The conference terminal outputs audio based on an imaging unit that captures an image of the user of the conference terminal, an audio input unit that receives input of audio generated by the user, and audio information transmitted from another conference terminal Based on image information transmitted from another conference terminal, and detecting the position of the user's line of sight in the image displayed on the display unit as line of sight information A line-of-sight detection unit, an attention level calculation unit that calculates the degree of attention based on the line-of-sight information detected by the line-of-sight detection unit, and image information of the image captured by the imaging unit and the audio input unit The conference system according to claim 7, further comprising: a transmission unit that transmits the voice information of the voice and the attention level calculated by the attention level calculation unit to the communication control device.
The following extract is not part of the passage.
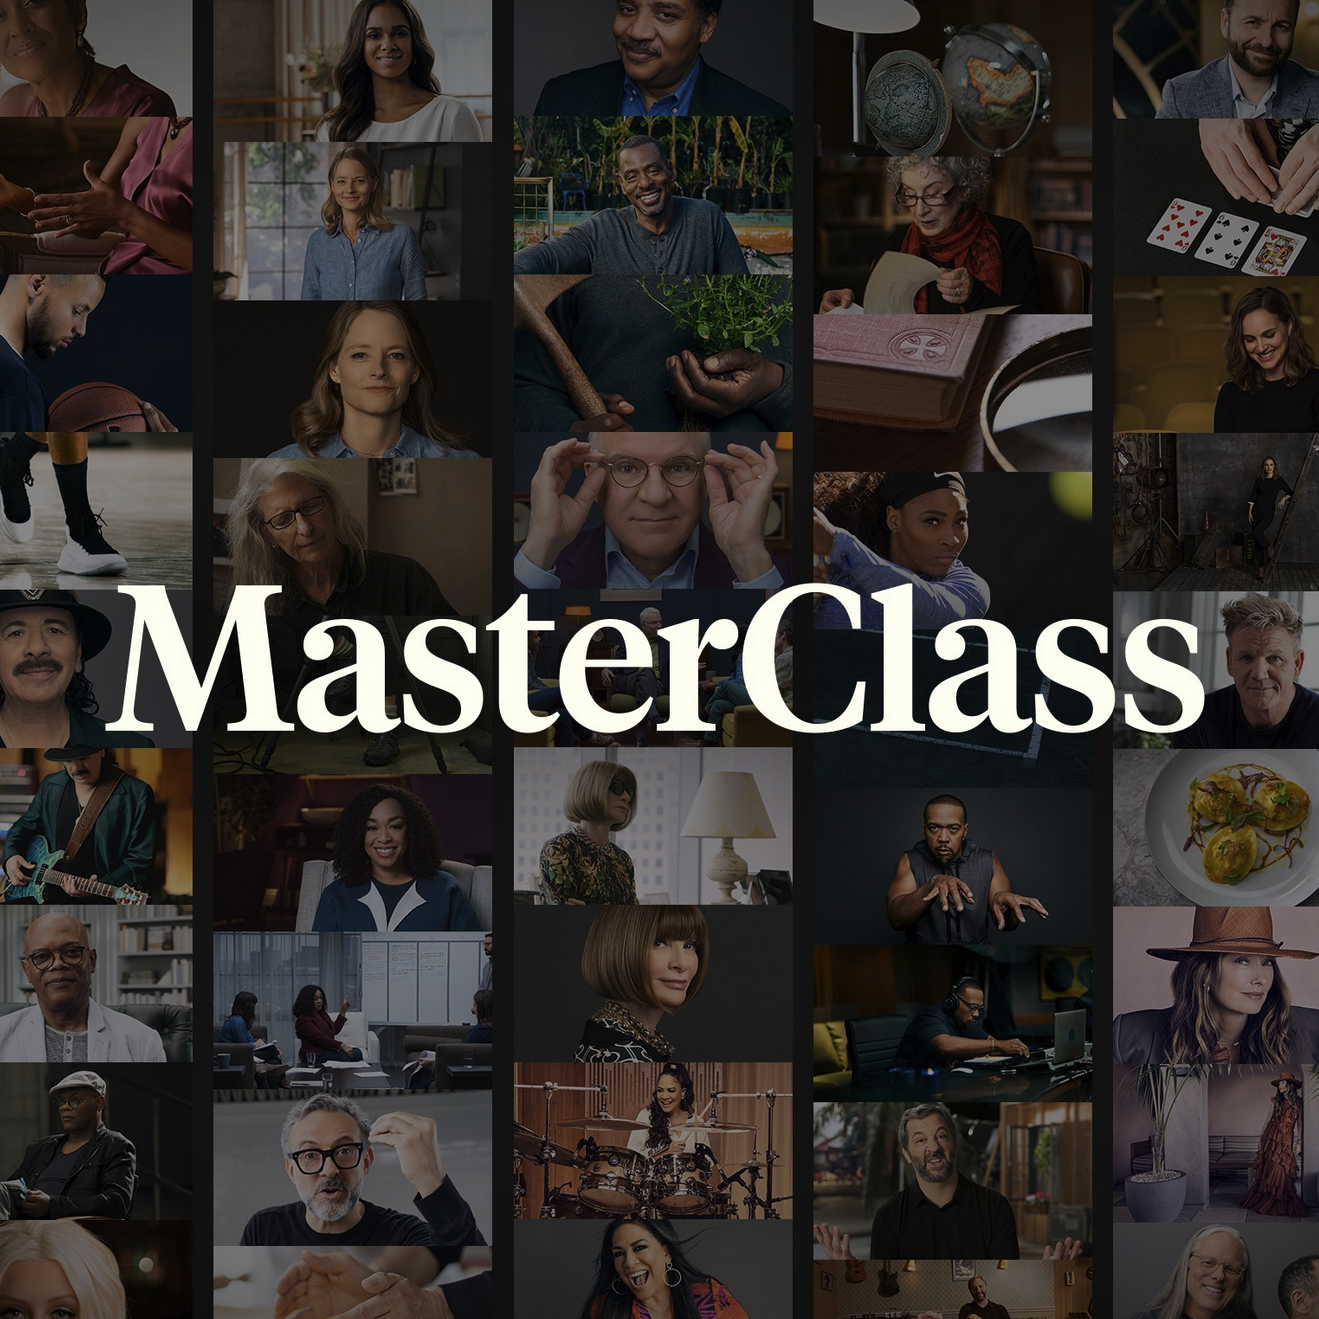 Collage image showcasing various professionals and celebrities from diverse fields as part of the 'MasterClass' series. The central focus is the bold 'MasterClass' logo, surrounded by experts in their crafts, from musicians, chefs, writers, to filmmakers, hinting at the wide range of courses and knowledge available through the platform.
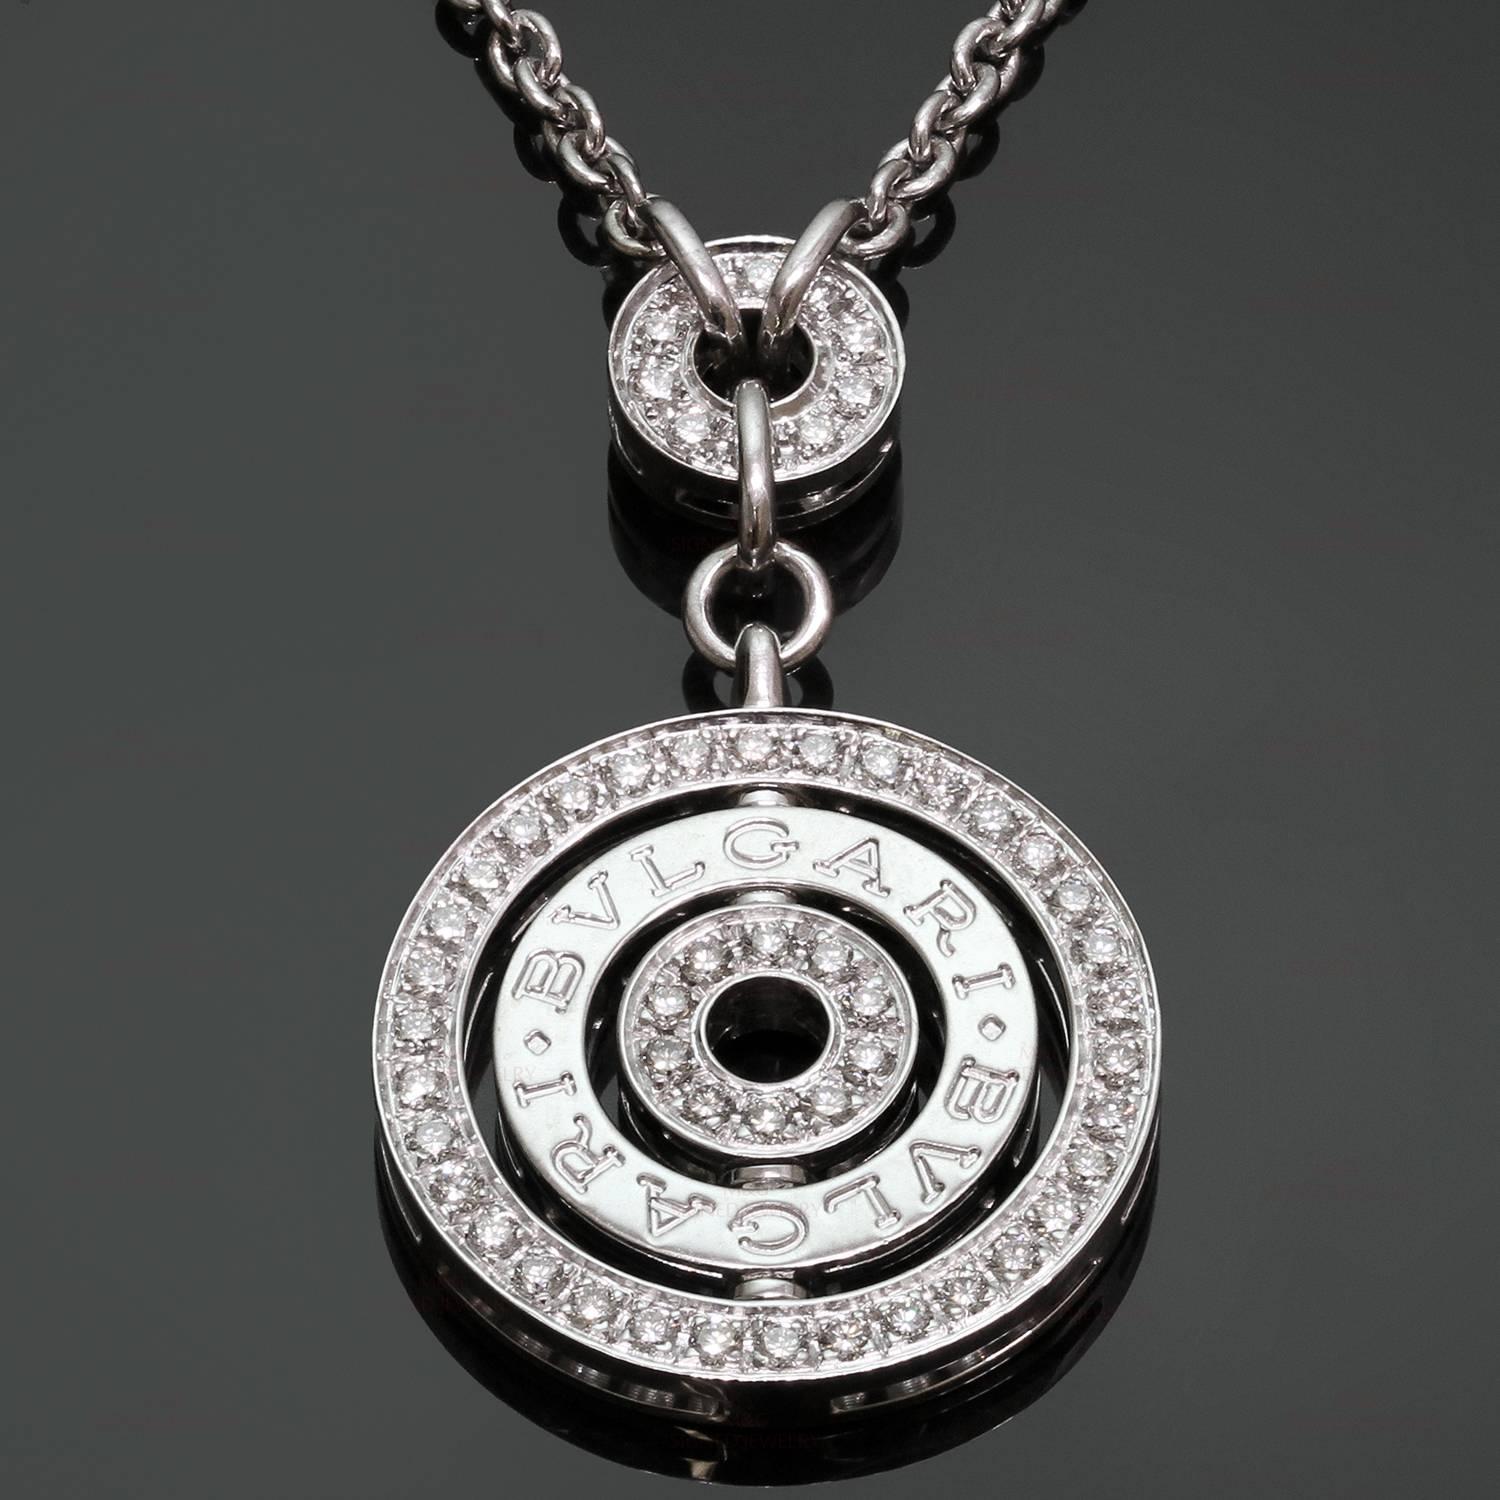 This fabulous Bulgari necklace from the Cerchi collection is crafted in 18k white gold and completed with a circular pendant engraved with the Bvlgari name and set with 56 round brilliant-cut diamonds of an estimated 0.80 carats. The chain has an

The said display part receives the said attention degree transmitted from each other conference terminal from the said communication control apparatus, and displays this attention degree with the image imaged by the imaging part of each said other conference terminal. The conference system described in 1.

A program for causing a computer to control communication between a plurality of conference terminals,
Voice information of a voice uttered by a user using the first conference terminal among the plurality of conference terminals, and each user displayed on each conference terminal by each user using each conference terminal Receiving a degree of attention indicating a degree of attention;
Determining a priority indicating a degree of priority for communication between conference terminals based on the received attention degree;
And a step of controlling transmission of the audio information to other conference terminals other than the first conference terminal according to the determined priority.